Statistical analyses
It was a basic component to ensure that Allele and genotype frequency calculation, pair-wise linkage disequilibrium analysis, Hardy-Weinberg (H-W) equilibrium analysis, and haplotype were all carried out on the SHEsisPlus online software platform in single site association study (Shen et al., 2016). H-W equilibrium was received through chi-square test for each group of fitness. Chi-square test independence was used to examine allele and genotype distribution between cases and controls. For haplotype analysis, in all cases and control groups, adjacent tag SNPs with pair-wise linkage disequilibrium D values larger than 0.90 were defined in the same haplotype block.

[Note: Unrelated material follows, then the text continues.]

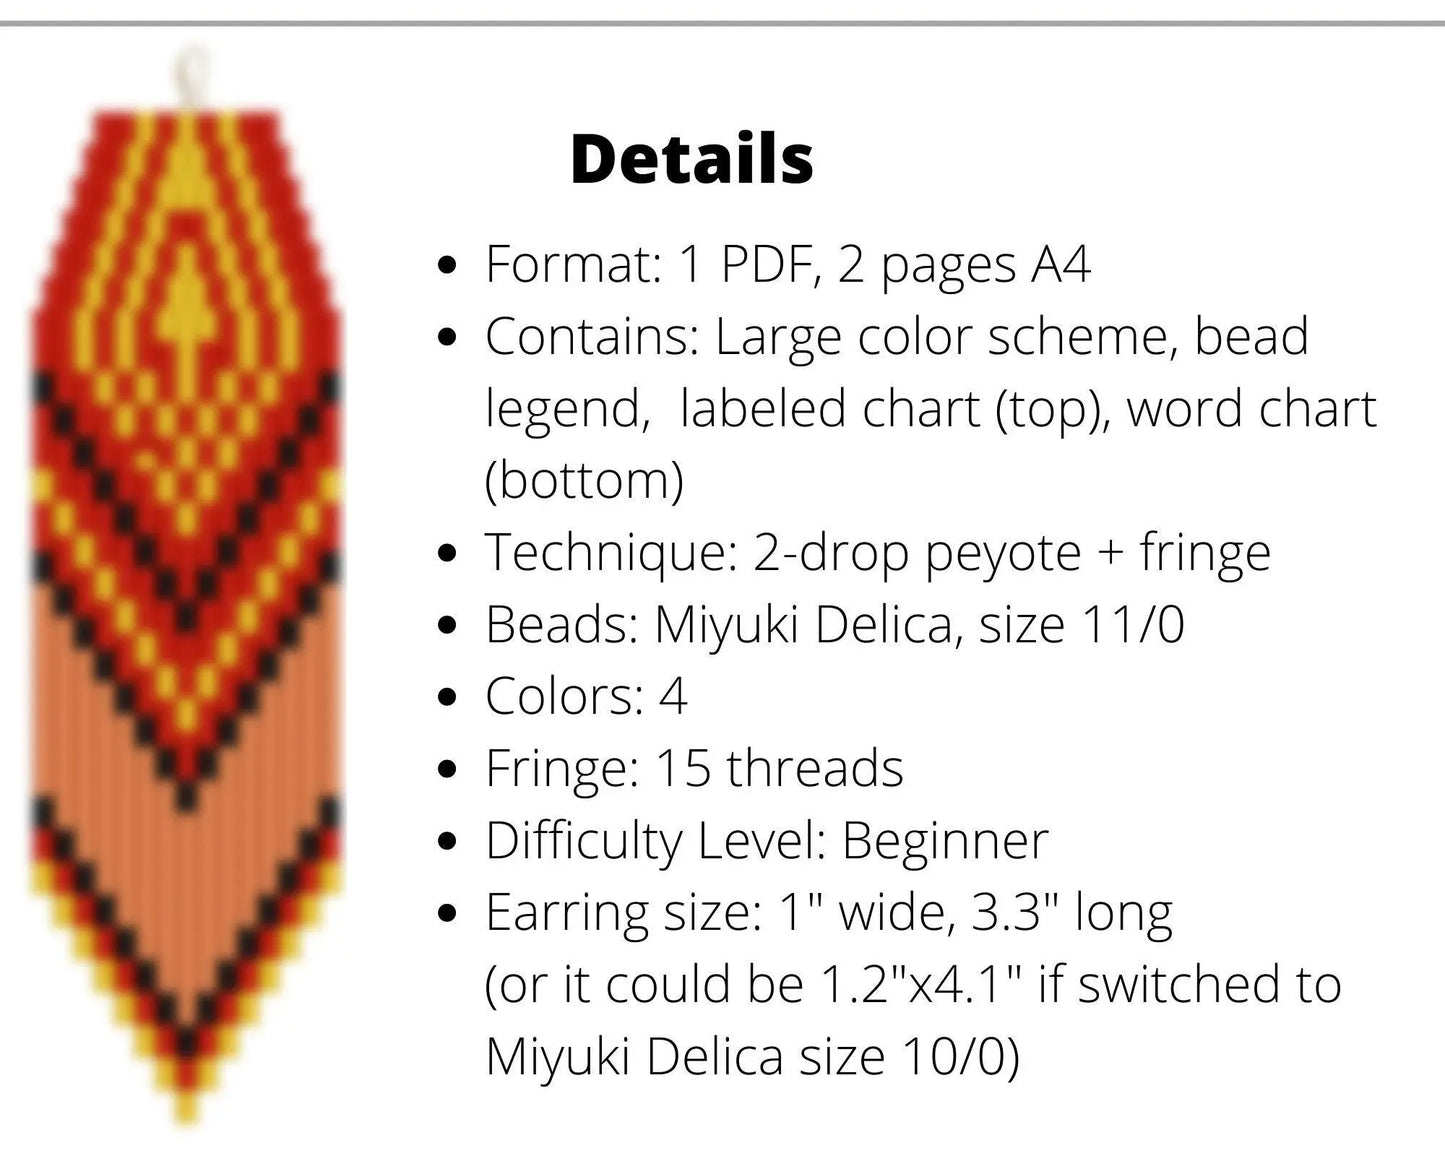 Red Ethnic Brick Stitch pattern for fringe beaded earrings - NikoBeadsUA

All statistical analyses were two-tailed tests, and if the p-values were below 0.05, Bonferroni correction (p-value multiplied by the number of testing SNPs) should be set to test the statistical significance of results. Case-control genetic power was calculated on the Genetic Power Calculator (Purcell et al., 2003).
Meta-analysis
We used the keywords “TRPM1,” “Schizophrenia,” “Major Depressive Disorder,” and “Bipolar Disorder” to build a hunting zone in several databases—including PubMed, EMBASE, and Web of Science—to retrieve all pertinent studies or GWAS involving TRPM1 gene variants. In essence, we found a pooling database from Psychiatric Genomics Consortium (PGC) about
The meta-analysis procedures were conducted using Review Manager 5.3 software. Heterogeneity was assessed by the chi square and quantified by I2 statistics, which ensured that the group of studies was suitable for meta-analysis. An odds ratio (OR) with a 95% confidence interval (CI) indicates the magnitude of the effect. The Z test was used as a means of estimating the p-value of OR. All p-values were reported as two-tailed tests, which would, ultimately, be regarded as significant statistic while determining whether or not the p-value was less than 0.05.
Results
Single site analysis
According to export results from SHEsisPlus, all eight SNPs passed H-W equilibrium tests in control groups. The average call rate of all sites in three disease groups and controls was 0.981. Detailed information pertaining to these sites is supplemented in Table 2.
Detailed Information of the Testing Single Nucleotide Polymorphisms in the TRPM1 Gene
H-W P, H-W equilibrium p-value; SCZ, schizophrenia; SNP, single nucleotide polymorphism.
For SCZ, rs10400821 indicated genotypic or allelic association before Bonferroni correction (rs10400821: Pallele = 0.564, OR [95% CI] = 1.178 [0.934-1.485]; Pgenotype = 0.022, adjusted Pgenotype = 0.182). For BPD, rs4779503 was significant before multiple-test corrections (rs4779503: Pallele = 0.256, OR [95% CI] = 1.167 [0.893-1.526]; Pgenotype = 0.023, adjusted Pgenotype = 0.187). For MDD, rs12901022 showed marginal significances in both allelic and genotypic analyses (rs12901022: Pallele = 0.069, OR [95% CI] = 1.162 [0.987-1.366]; Pgenotype = 0.067). However, none of these associations remained after multiple tests and corrections. The results are listed in Table 3.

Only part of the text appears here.